↓
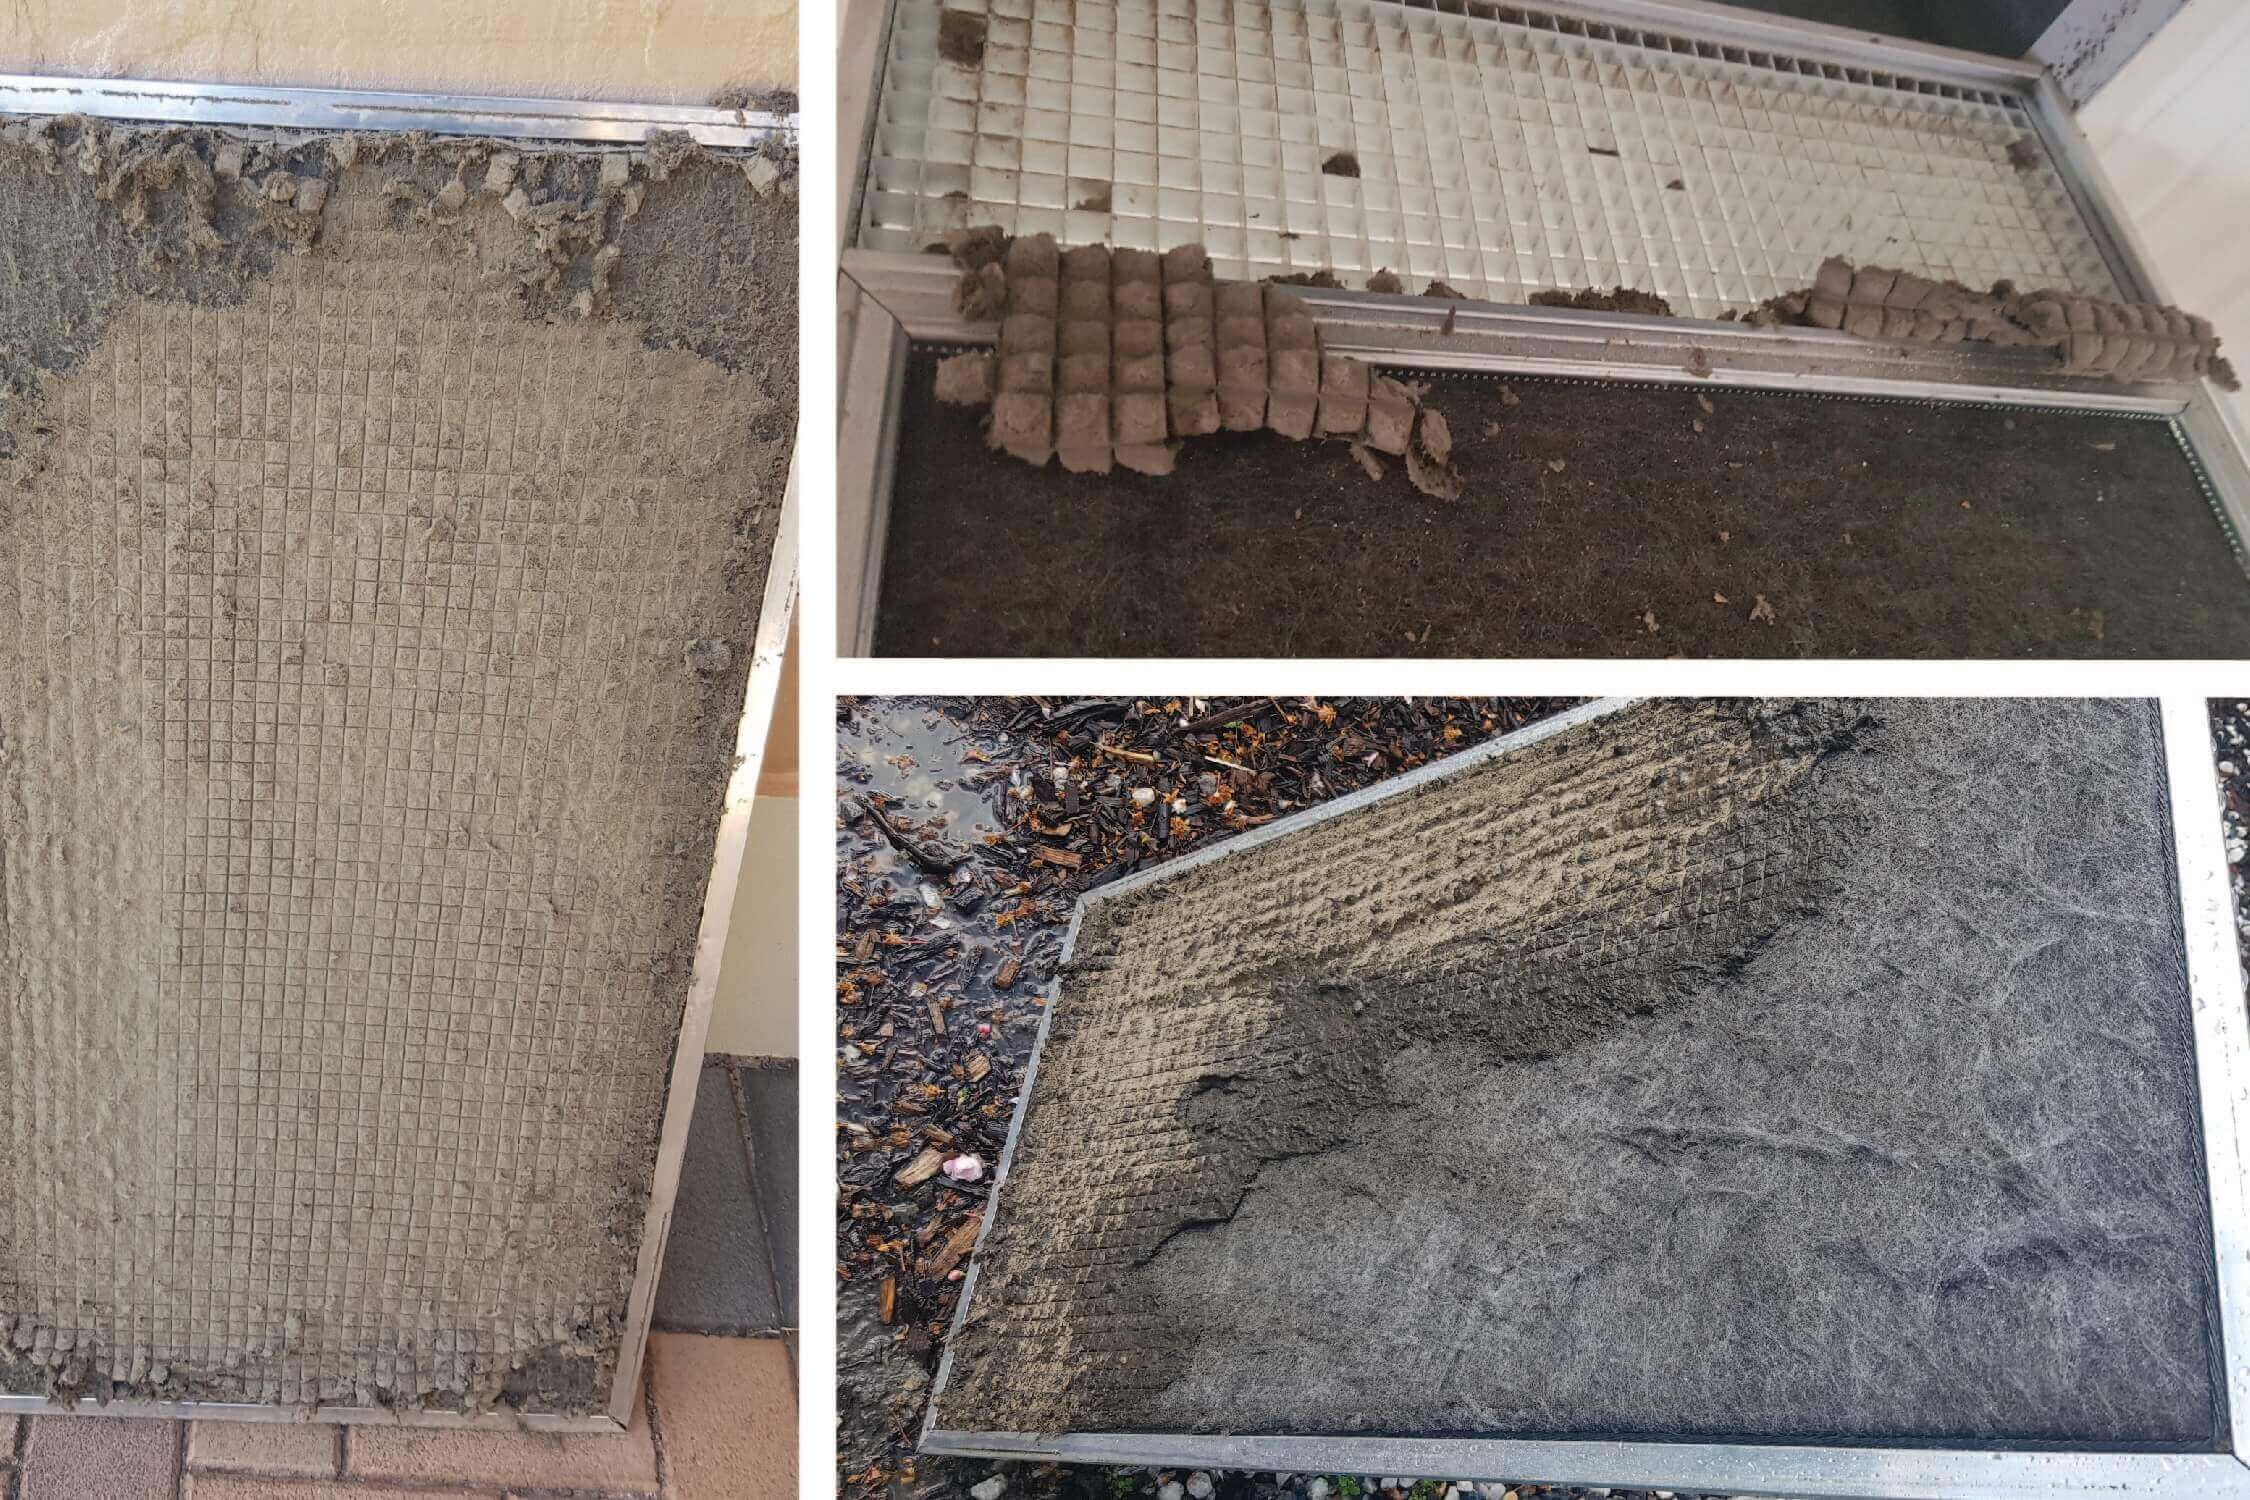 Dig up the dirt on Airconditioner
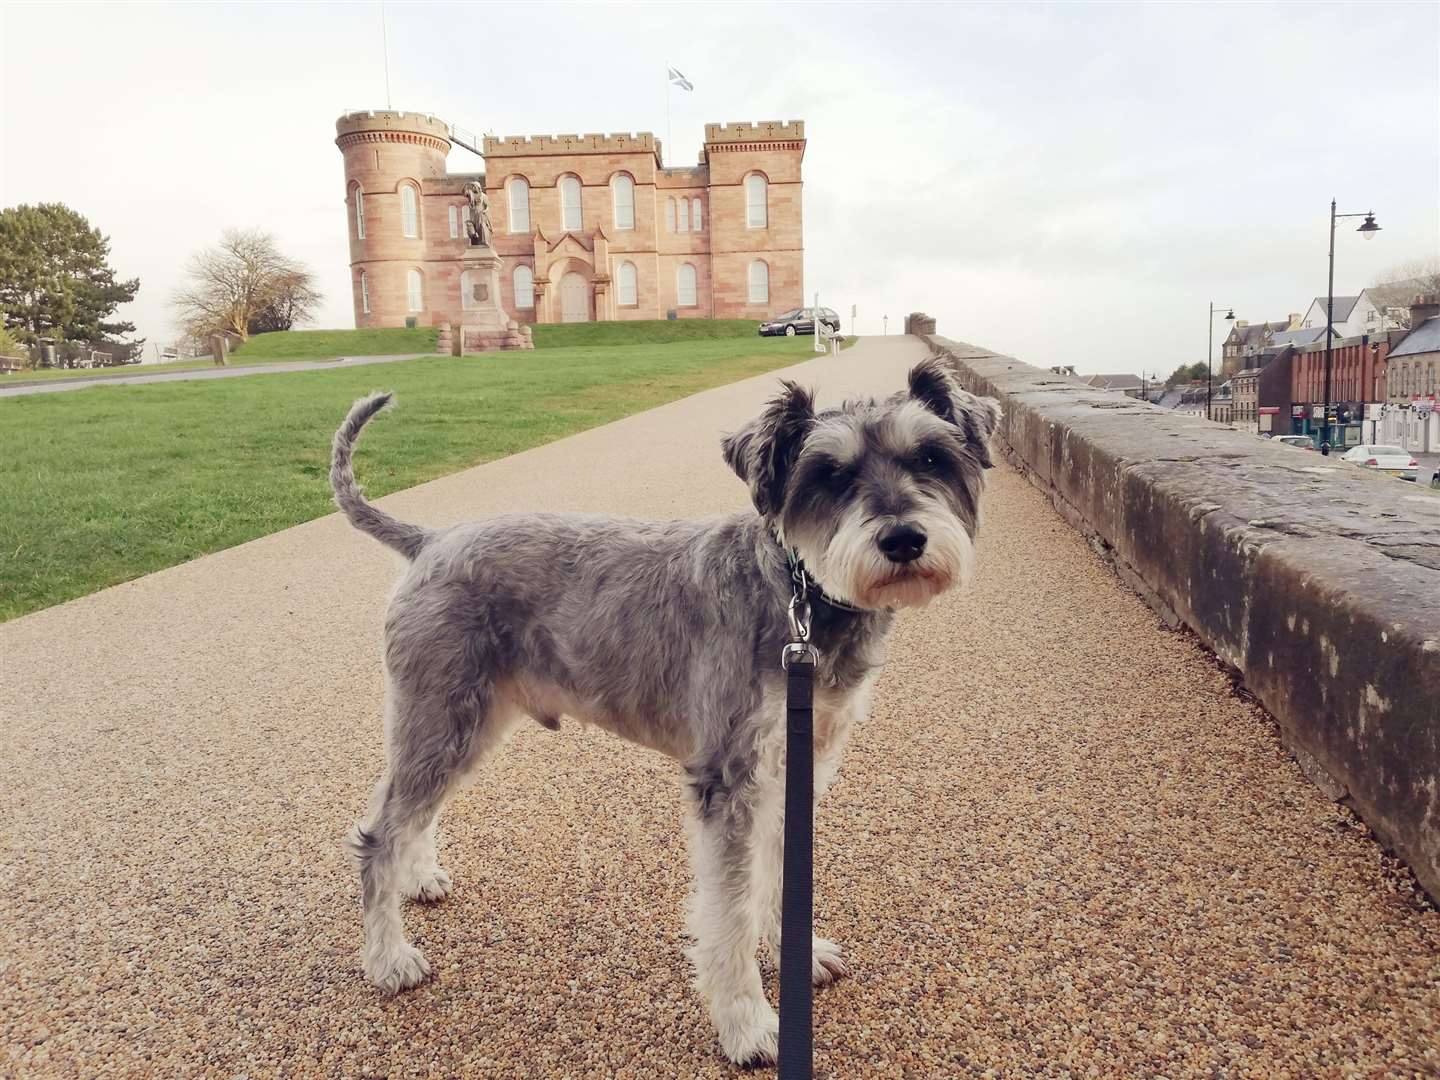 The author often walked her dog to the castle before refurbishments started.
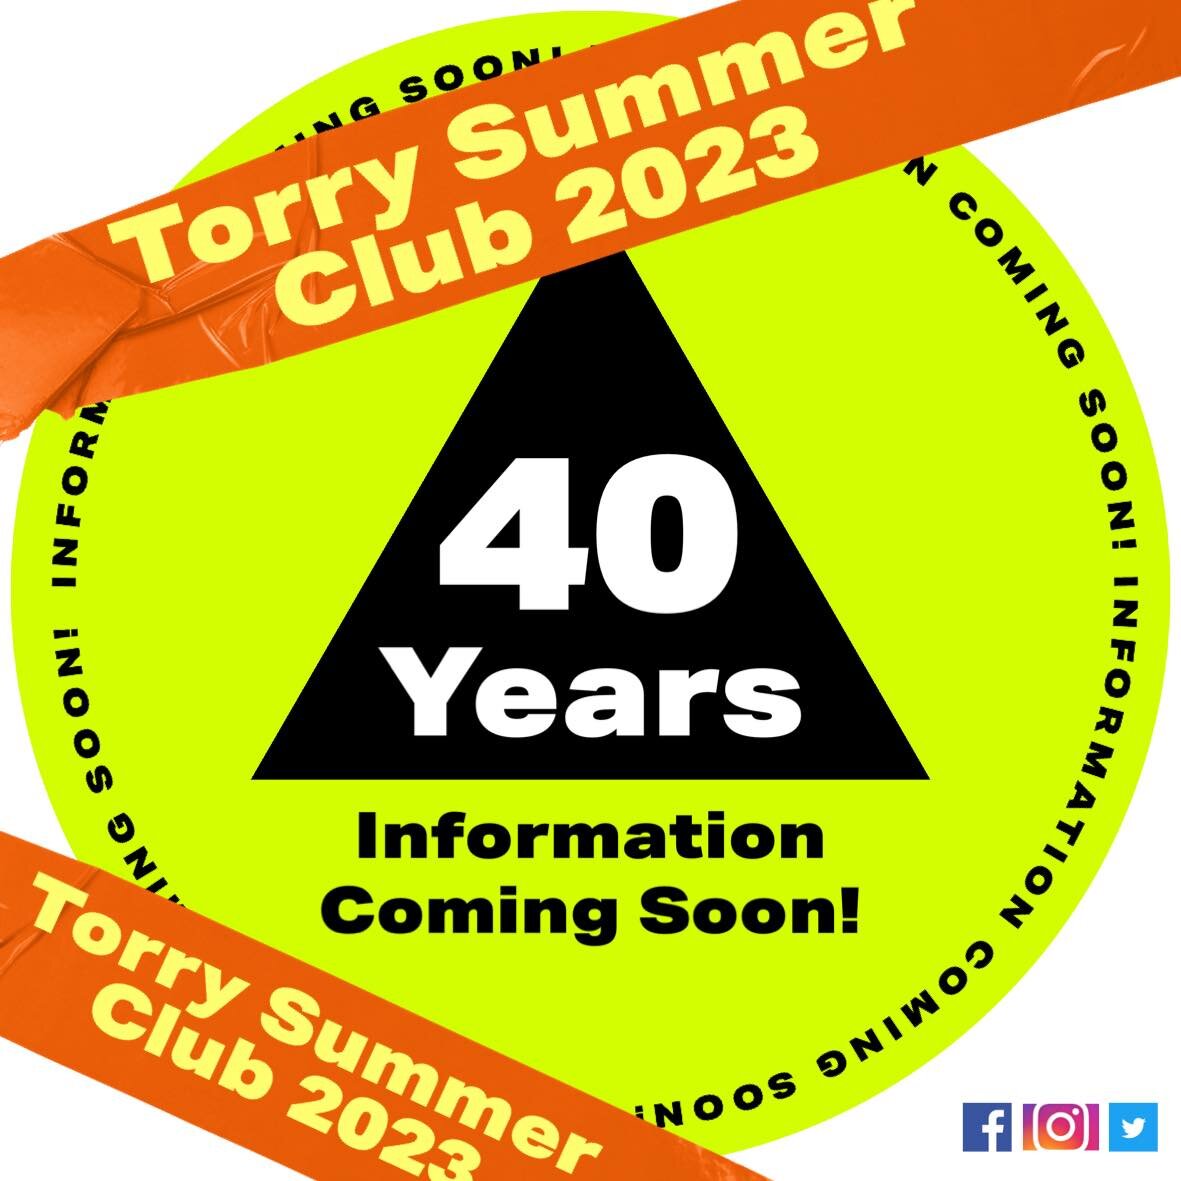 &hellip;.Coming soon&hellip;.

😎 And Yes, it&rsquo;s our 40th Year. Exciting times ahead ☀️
↑
**Brief**
Quote the data above in full and without alteration; skip the pictures.

**Result of this exercise**
 Dig up the dirt on Airconditioner
 The author often walked her dog to the castle before refurbishments started.
 &hellip;.Coming soon&hellip;.

😎 And Yes, it&rsquo;s our 40th Year. Exciting times ahead ☀️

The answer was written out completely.